I've owned the Master System II, Mega Drive, Saturn & Dreamcast and none of the hardware was cutting edge, even at the time they were released. The Dreamcast was essentially dead on arrival. It had a severe lack of 3rd party support and Sega opted for their own custom discs instead of going for DVD's. So they got it all wrong. Fortunately the Dreamcast had some classic games but it wasn't enough to save it. The PS2 hype train murdered it. We probably saw some of Sega's best efforts on the DC though.
Master System was basic but acceptable for the time so I can't really say anything negative about it.
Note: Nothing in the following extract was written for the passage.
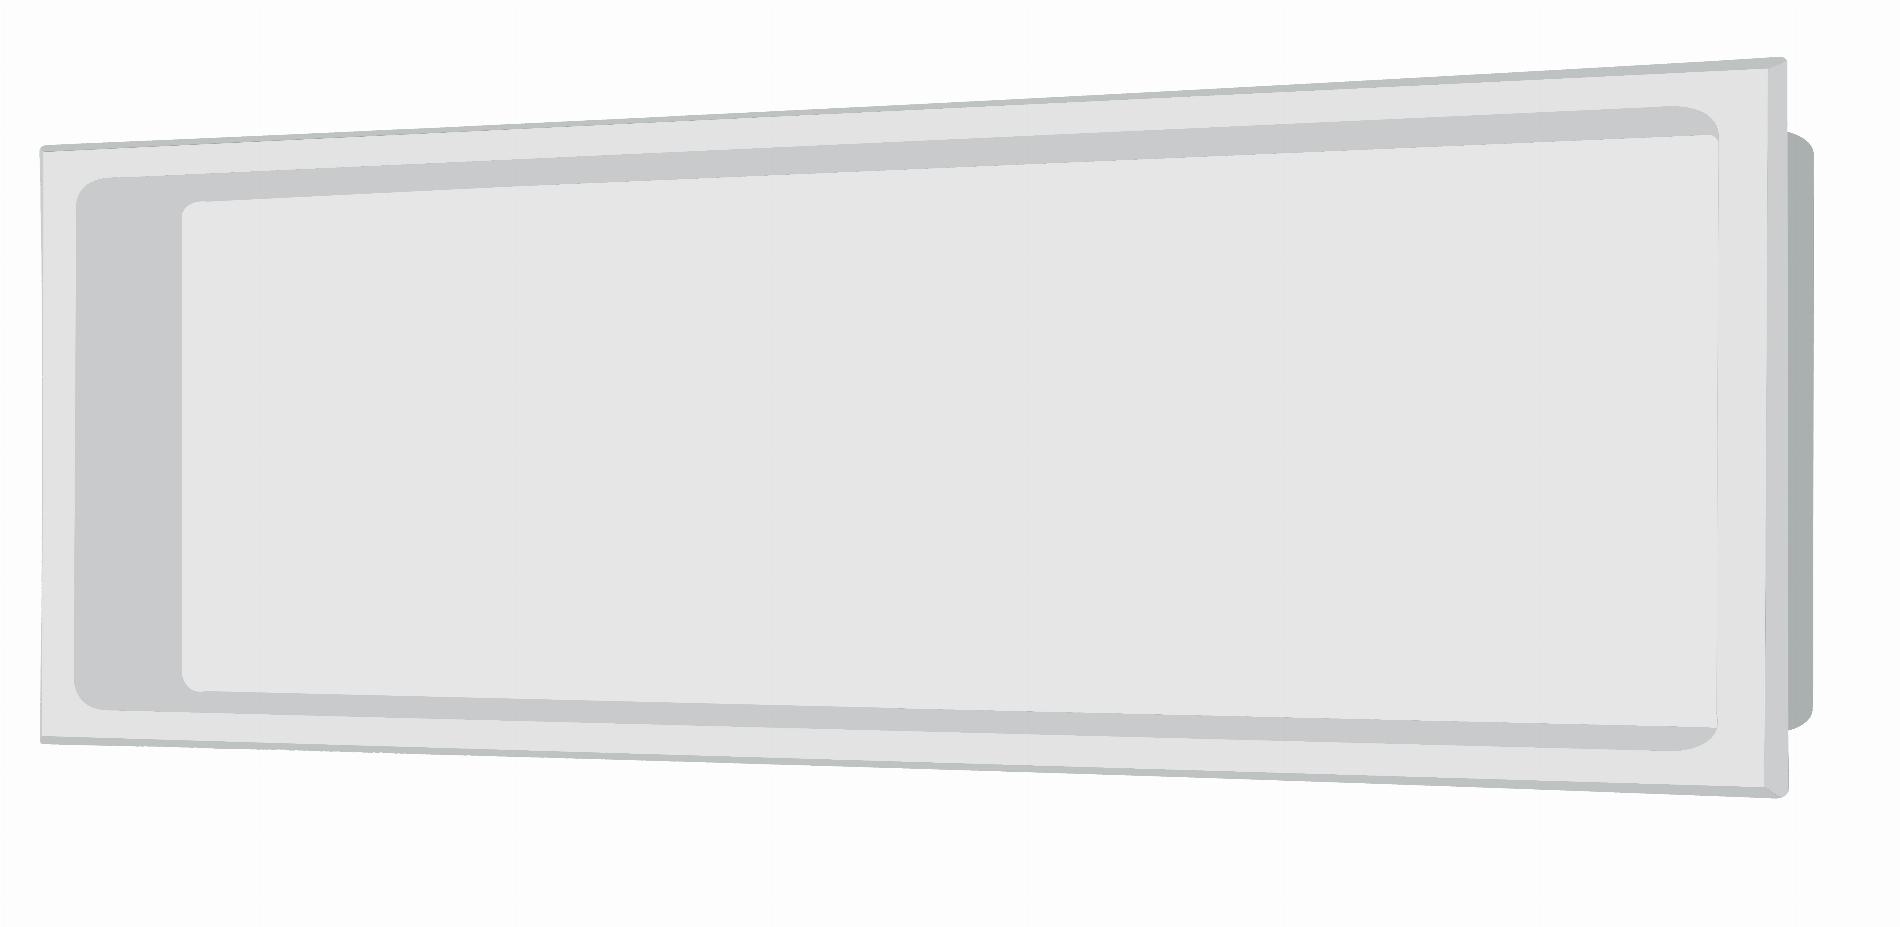 Edelstahl Wandnischen in 30 x 90 cm

Just a shame it was trounced by the NES but Sega released dozens of classic games on the Master System, even though most arcade conversions were stripped down versions of coin-op games, they were still obvious Sega games.
Mega Drive was decent but you could tell developers were struggling to get any more out of it than they were already getting from quite early on in its lifespan. It's a legendary console though so I am not slating it. But even Sega knew the Mega Drive was underpowered, hence the disastrous MegaCD add-on. This was a massive expensive failure for Sega.
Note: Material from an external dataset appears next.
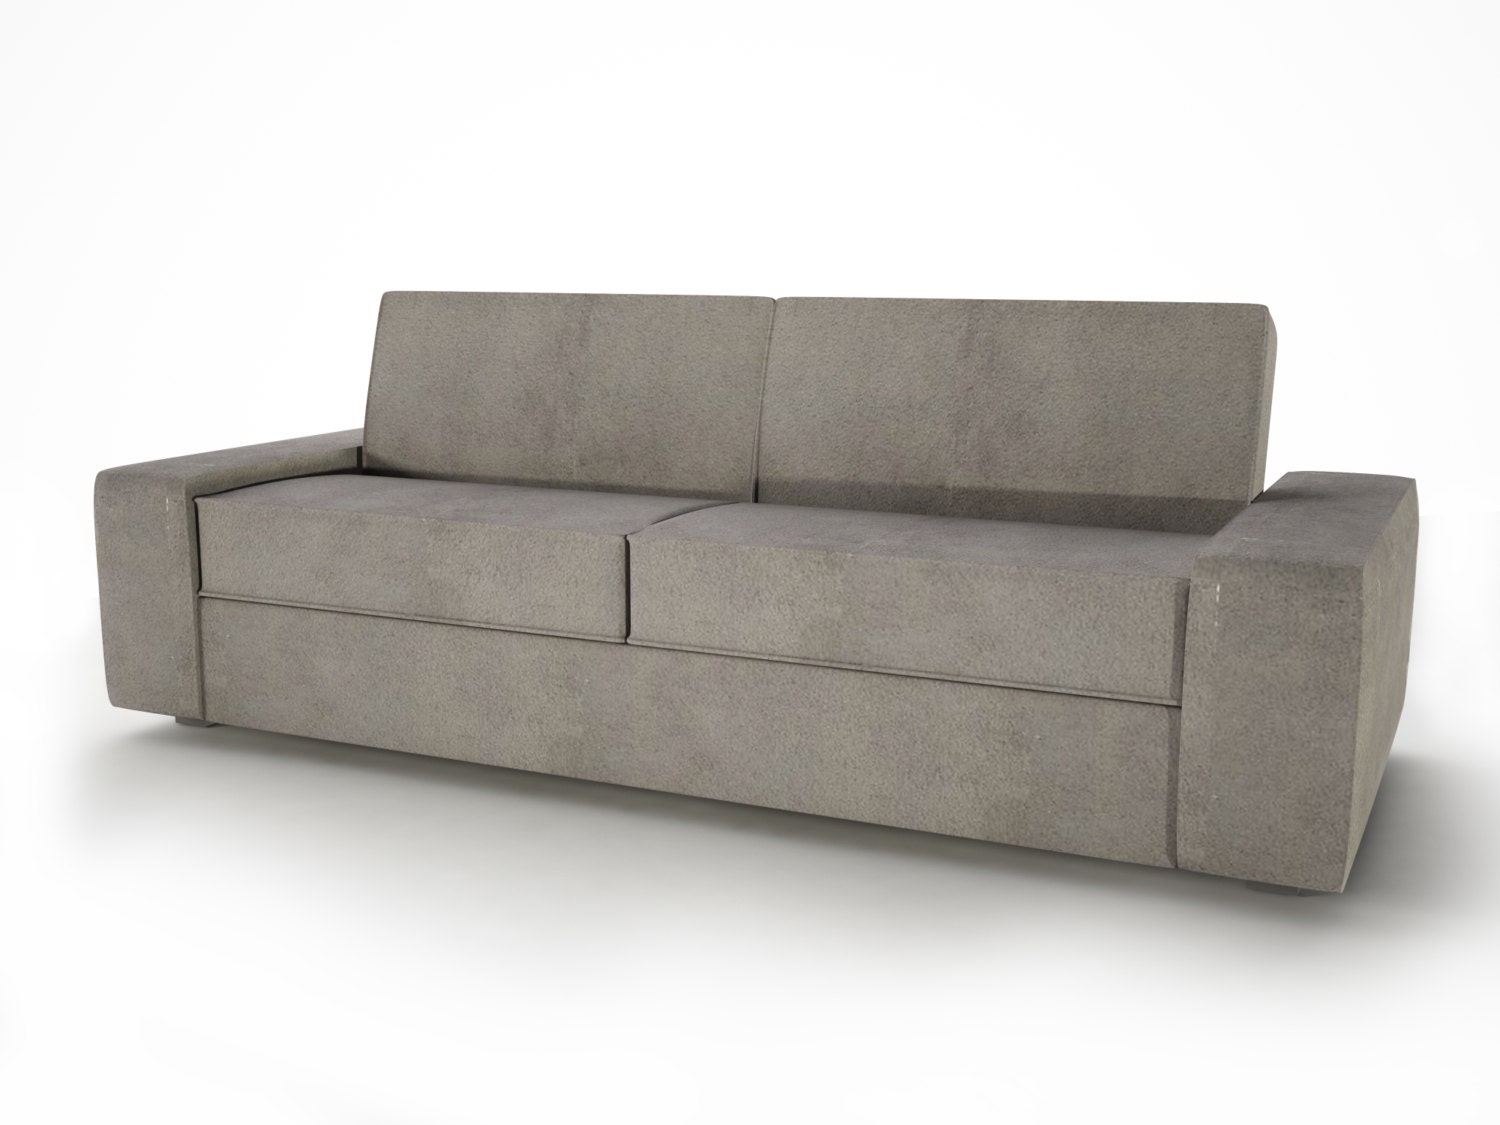 Slipcover For Ikea 3 Seat Kivik Bed Sofa

Speaking of massive expensive mistakes, the Saturn was a train wreck of a machine and was completely annihilated by the PlayStation. Sega Rally was a stand-out title but it only had 3 tracks, so it was fine for a quick blast but that was it. The Saturn wasn't very good at 3D gaming, hence why even at the time Virtua Fighter looked comical. VF was meant to be a flagship title!
The Saturn was the death of Sega's hardware business. The Dreamcast was a fine redemption but it was killed by lack of support and developers putting all their resources into PS2 game development. Too little, too late. Sega made a lot of mistakes due to a lack of vision and by completely underestimating Sony. Sega always did software better than hardware but I do agree that their best work was on their own hardware.